No scripts. Anything the skill does can be expressed as a gh CLI call or a Write. Adding a Python/TypeScript wrapper would add a maintenance burden without deterministic payoff.

Adapting for Similar Use Cases

To build a GitLab or Bitbucket variant:

Copy this directory to src/templates/skills/mr-review/ (or similar)
Swap gh pr commands in template.ts for glab mr or bb pr
Adjust the review-object semantics — GitLab’s --request-changes equivalent is glab mr approve / glab mr unapprove, Bitbucket uses bb pr approve
Keep the severity / label / decorator taxonomy unchanged — these are VCS-agnostic
Update evals to use the new CLI tool and re-run

Testing

Run the evals:

npm run test:skills -- pr-review     # if a harness exists

Manual validation:

# 1. Install the skill locally
npm run build
codi add skill codi-pr-review --template codi-pr-review

# 2. Validate frontmatter and schema
codi validate

# 3. Generate agent configs
codi generate

# 4. Exercise the skill on a real PR
# In a repo with an open PR:
# /codi-pr-review <pr-number>

Check that the skill:

Reads the PR via gh pr view and gh pr diff
Produces the document under docs/ with the correct filename convention
Asks for confirmation before posting to GitHub
Uses gh pr review --request-changes when findings include CRITICAL or blocking HIGH

codi-code-review — review code that is not yet in a PR (uncommitted, single file, local branch)
codi-security-scan — deep OWASP audit across the whole codebase, not scoped to one PR
codi-project-documentation — general docs (README, ADR, API) outside PR context
codi-branch-finish — feature-branch lifecycle; can trigger this skill before proposing the merge

SKILL.md

When to Activate

User asks to review a GitHub pull request by number, URL, or branch
User asks to audit or comment on a PR before merge
User wants to publish a structured review (approve / request changes / comment) on a PR
User asks to produce a PR-review document that can be shared with the team
User invokes the /codi-pr-review slash command, optionally with a PR number argument

Skip When

User wants a review of uncommitted / local changes (no PR yet) — use codi-code-review
User wants to fix issues already surfaced in a review — use codi-debugging
User wants a deep OWASP security audit across the codebase — use codi-security-scan
User wants general project docs (README, ADR, API) — use codi-project-documentation
User wants to create, rebase, or land a PR — use codi-branch-finish

Review Process — 5 Phases

The workflow is deliberately phased so each step is verifiable before the next. Do not skip phases.

Phase 1 — Discover

[CODING AGENT] Gather the PR surface area before reviewing anything.

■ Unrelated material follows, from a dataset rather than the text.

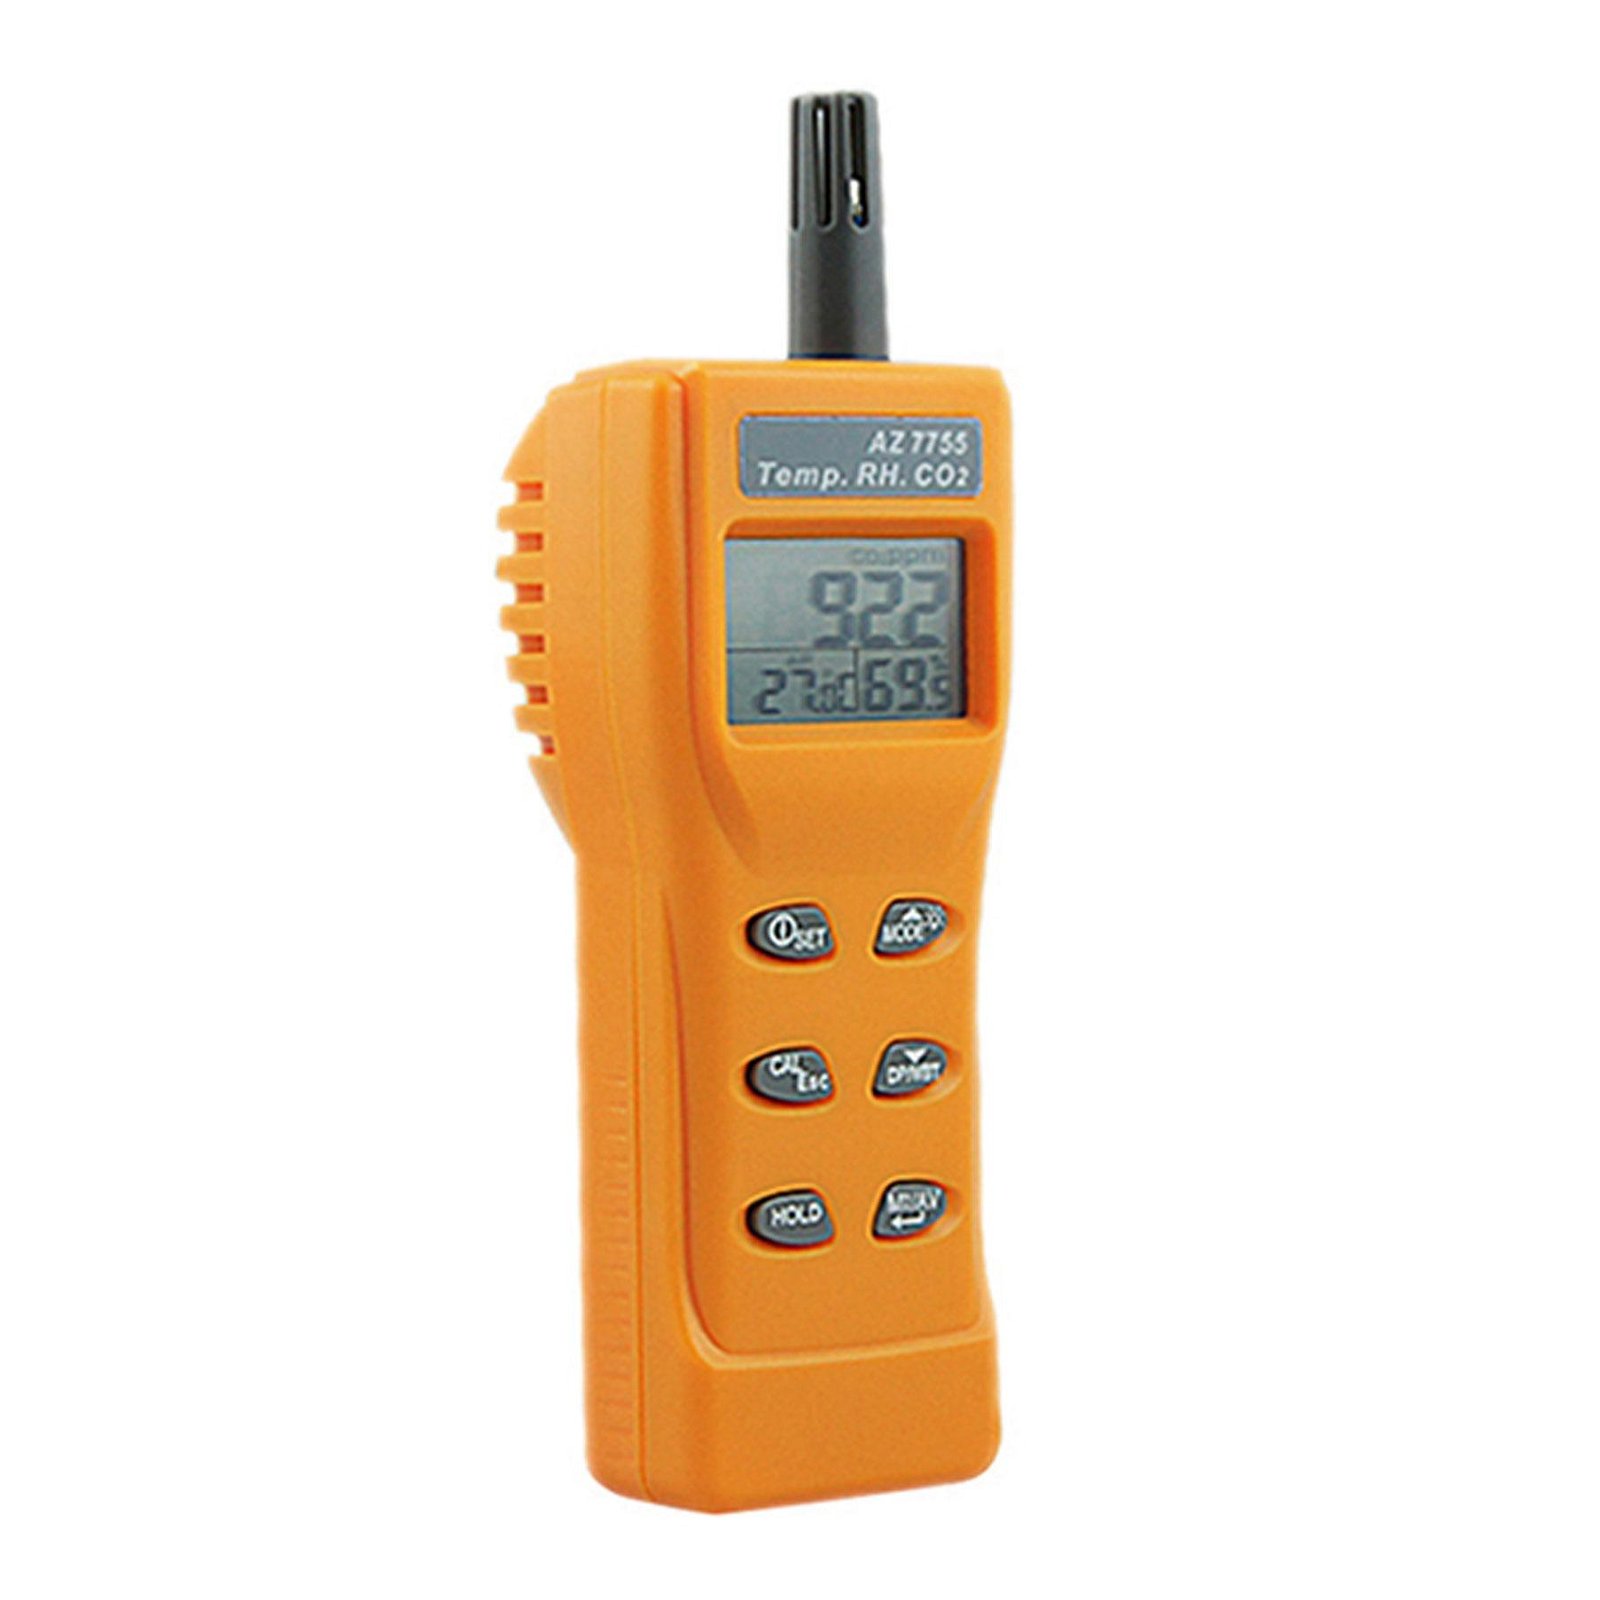 AZ7755 Handheld CO2 Gas Monitor Temperature Humidity Indoor Air Quality Tester 3
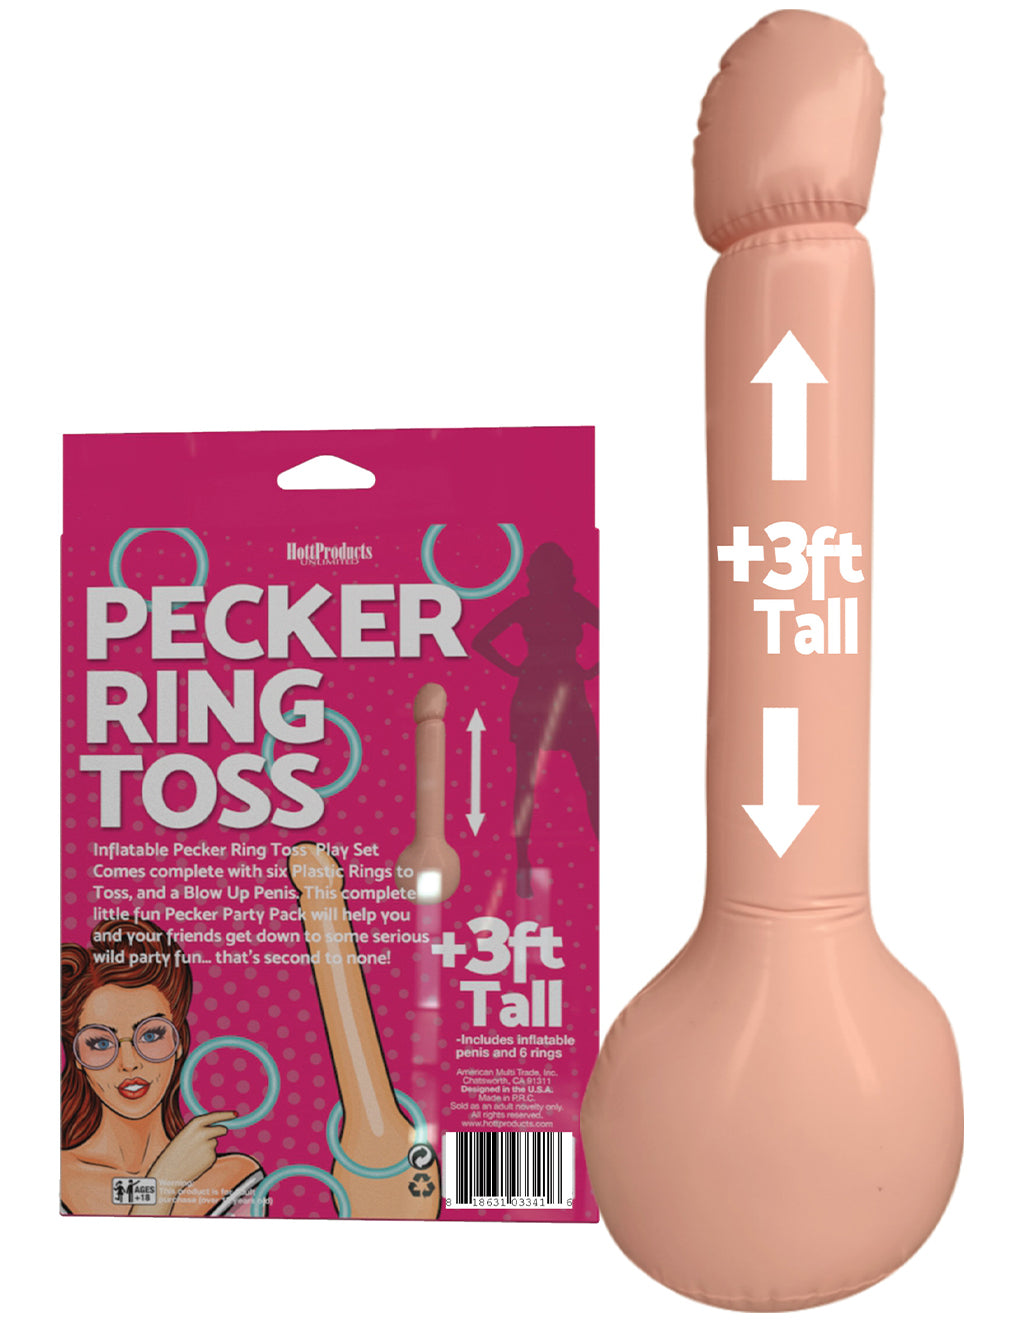 Inflatable Pecker Ring Toss Game- Back package- Details

Resolve the PR identifier:
- If the user passed $ARGUMENTS, treat it as the PR number
- Otherwise run gh pr list --state open --limit 20 and ask the user to confirm

Pull metadata and scope:

gh pr view $PR_NUMBER                       # description, author, reviewers, labels
gh pr diff $PR_NUMBER --name-only | wc -l   # total file count
gh pr diff $PR_NUMBER --stat                # per-file additions/deletions
gh pr checks $PR_NUMBER                     # CI status

Record:
- Target branch (usually main or development)
- Author
- Total additions / deletions / file count
- CI state (green / red / pending)
- Labels and milestone
Decide review scale based on scope:
- < 200 lines changed → inline review in main context
- 200 – 1000 lines → delegate to a code-review agent (see Phase 2)
- > 1000 lines → delegate, and warn the user the PR exceeds healthy review size

Phase 2 — Review

[CODING AGENT] Produce findings, not opinions. Prefer evidence over intuition.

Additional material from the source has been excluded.